I numbered some of your points for ease in reply.

1 Where are you? You can use the
Profile-update page to list your location.


The DFW area in Texas

Howard T. Map-addict wrote:2 Both the Union and the Soviets were working near farmers, who might have food to provide them.

They were also going through regions which had tools, and many other supplies, possibly available to them.

Of course they always knew where they were,
and what was near them.


The Germans had pretty much stripped the Ukraine before the destruction of Army Group Center in Operation Bagration. The Soviets had to rely upon central depot supplies.

The following is from the same "Armchair General" thread I quoted from earlier:

Operation Bagration 1944: which has 13,000 trucks carrying 26,000t of supplies for 2,300,000 men at around 550km with an advance lasting 40 days. Unit requirement is 275-120t per day which given the different unit sizes is roughly similar to the German requirement (equivalent to 450t-200t) but a half of the Allied one. The railways have a large measure of support and can advance at 7km per day for track completely destroyed by 'hook' trains and mines. So the advance keeps to within 240km of the railhead so truck journeys are 2 days round trip and 13,000t is delivered daily. Yet the size of the force is so large that this support only represents around half the requirement and so supply can only be given to the main avenues of advance which advance rapidly and the other half moves forward relying on the railway and supplies carried in their own transport.

Howard T. Map-addict wrote:3 We are shown approximately how fast TTE constructs:
At the beginning of the story, the railhead has not yet reached Fort Salby, and the bridge over the Strait of Tears (Bab el Mandeb) is maybe-a-quarter-finished.

Book 2 (HHNF) begins with Darcel riding a train through Traisum Cut to Salby, where he finds a Uromath cavalry brigade which arrived by RR over Tears Bridges. Perhaps six-eight weeks have passed.

By the end of HHNF:
3.1 The first Hummer-message has just reached New Arcana
3.2 Darcel has reached Tajvana, Sharona, via Larakesh
3.3 Div-Cap chan Geraith is 2 days from Salby
Anndddd ...............
3.4 The TTE Railhead is 200 miles from Ft. Mosanik,
which is more than 800 miles past Salby "as the crow flies" not counting necessary detours.
Please note: miles, not kilometers.
EDIT: oh yes, and the TTE has 2,000 in that workforce. (Their safety is exchanged for release of 300 POWs.)

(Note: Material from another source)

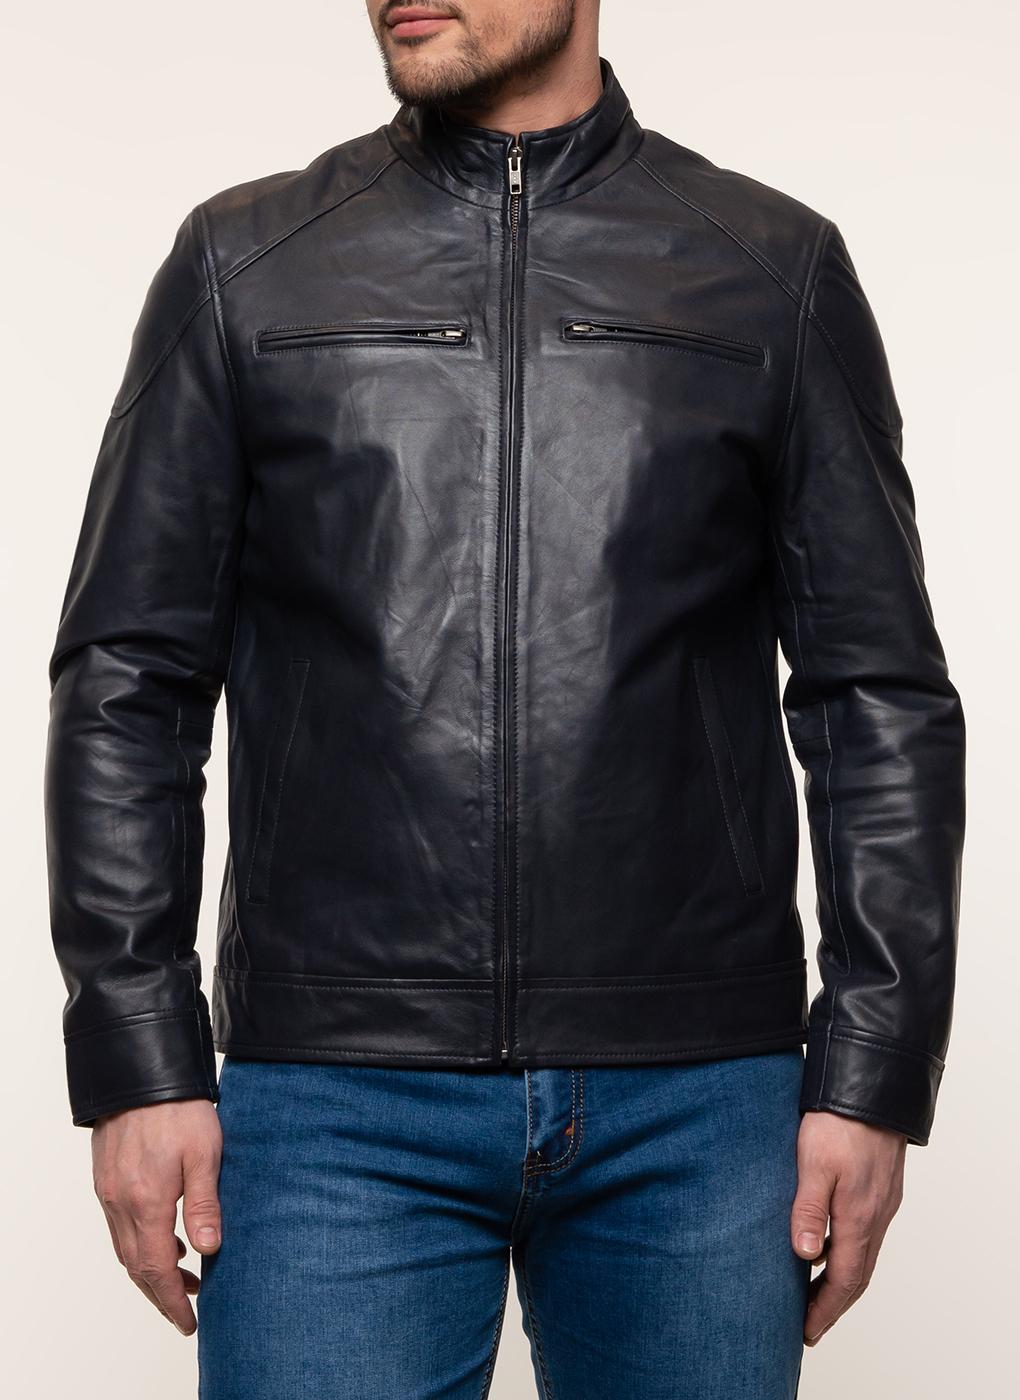 Кожаная куртка мужская 16, Gotthold фото

Total time of both books: perhaps 3 months, more or less.
TTE seems to be track-laying a bit, but not much, faster than the estimate here.
Which is very close indeed for a guess about DW's numbers!
Well Done, Mil-tech Bard!


It looks like David Weber has given the Sharonan railway workforce roughly 5 time the individual worker productivity of an American Civil War Era railway worker...which is about right for the difference between 1863 and 1900, plus the massive steam powered earth moving equipment shown in the text.

There are certain implications in this given the world spanning size of the Sharonan rail system and moderate bandwidth telepathic telecommunications.

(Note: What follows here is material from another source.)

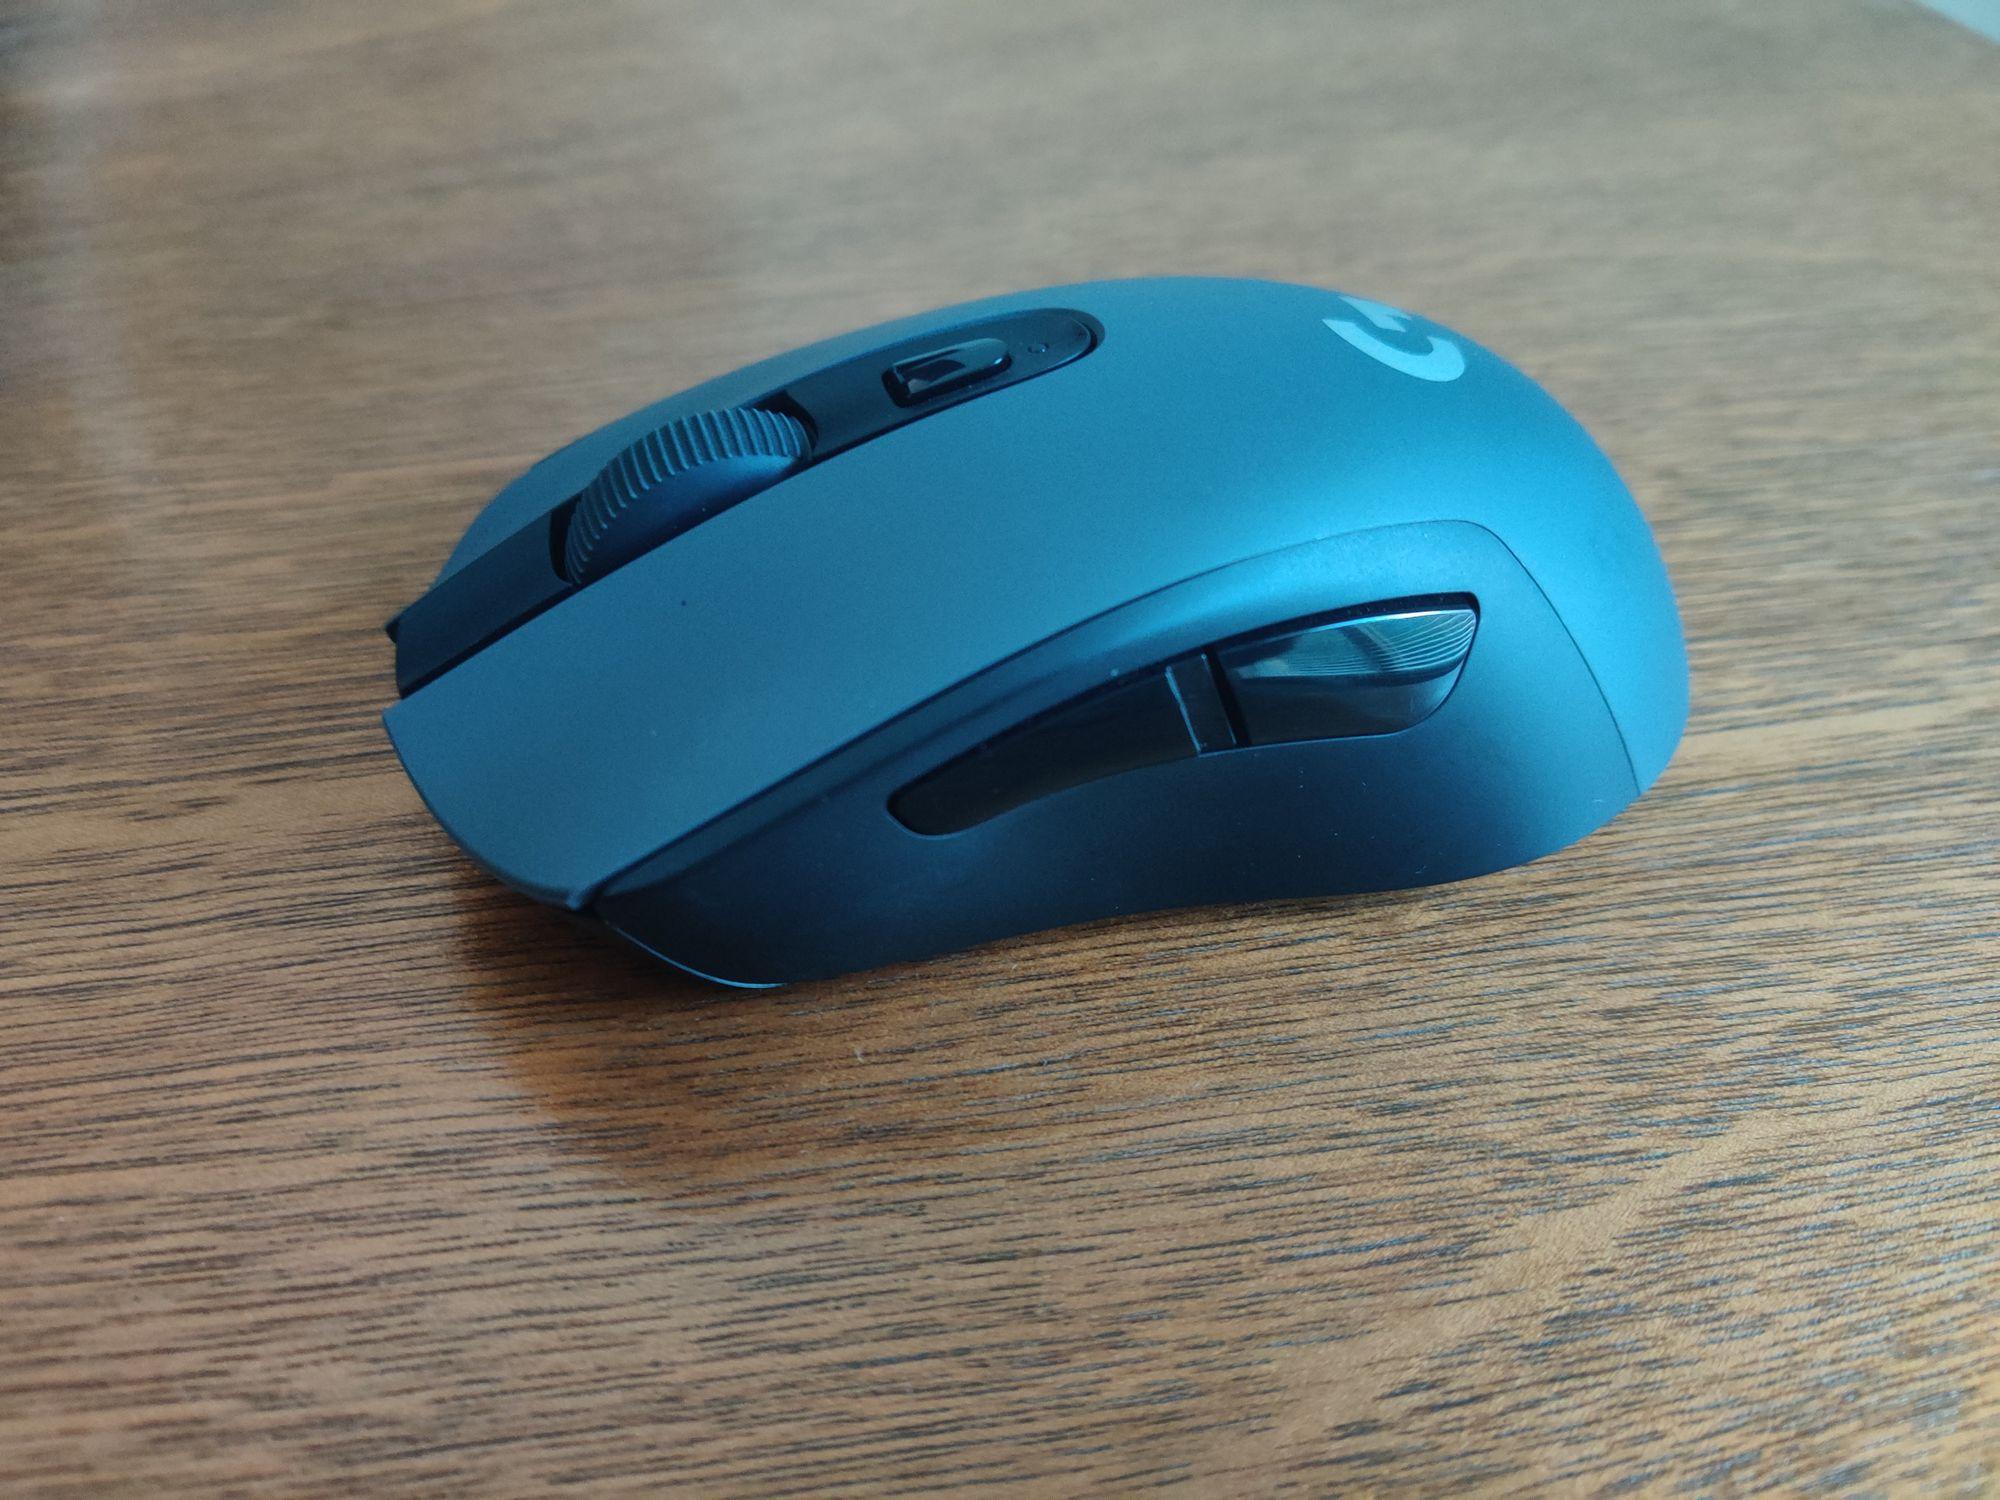 Logitech G603 wireless mouse

Skimming 10% of that standing railway work force, organizing it, and sending it up the Portal Authority rail lines is going to make for one huge logistical expansion pulse.

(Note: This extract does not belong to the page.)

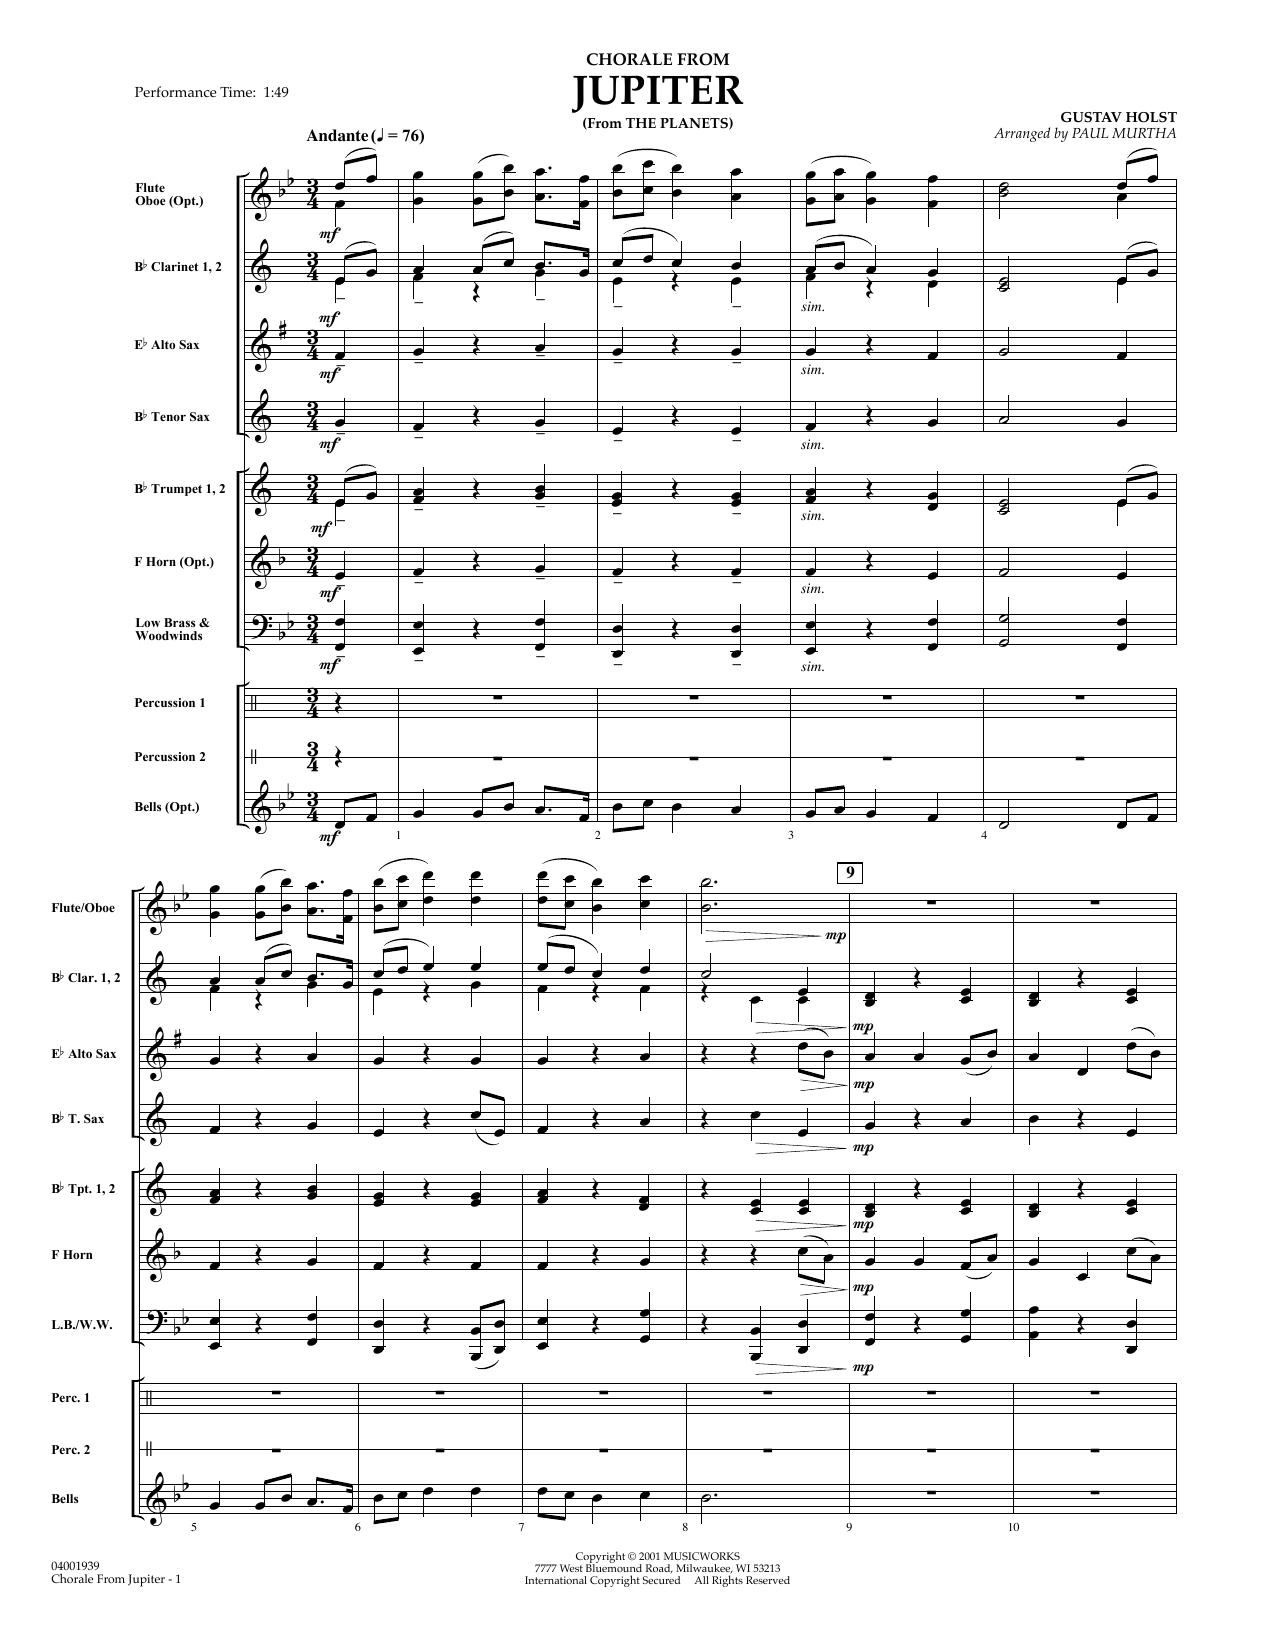 Chorale from Jupiter (COMPLETE) sheet music for concert band by Gustav Holst

Howard T. Map-addict wrote:4 The Sharonans are running their RRs through wilderness.
All their supplies, they must bring from Homeworld, or at least a more inner Outworld, over those RRs.
This must slow them down "somewhat."


The key logistical issue with this planned Sharonan military campaign to Hells Gate is less the railways than the _Water Gaps_.

Again, from the same thread:

...the nature of the Soviet Union's supply chain vs. the Allies'...

Loading and unloading ships was a major bottleneck for the allies. Much slower than loading/unloading trains

The UK had vast supply dumps that had been built up over a couple of years, but getting those supplies to France, never mind to the units, took more effort than in Russia despite a shorter distance.

- UK depot to UK port by train or truck. Even if the depot is in the port city, it isn't dockside.

- UK port to French port by ship. The distance is almost trivial, but loading and unloading takes time and functional port facilities. The Germans did a good job of destroying as much as they could in the French ports. Cherbourg surrendered on June 29, but was only at limited capacity by mid-August.

- French port to depot by truck. Get it off the ship and haul it over to a local depot to be sorted for immediate loading onto truck convoys or for storage until needed. You need to unload the ship as fast as possible to make room for the next one. You have to organize your supplies in the depot. For example, artillery and mortar ammo needs to be sorted by lot. You don't want to send a battery 50 rounds per gun spread out over 15 different manufacturing lots.

- Depot to units by truck. The last leg. This is the only point in the allied supply chain which matches the Russian one. This is where the better quality French road network would make a difference.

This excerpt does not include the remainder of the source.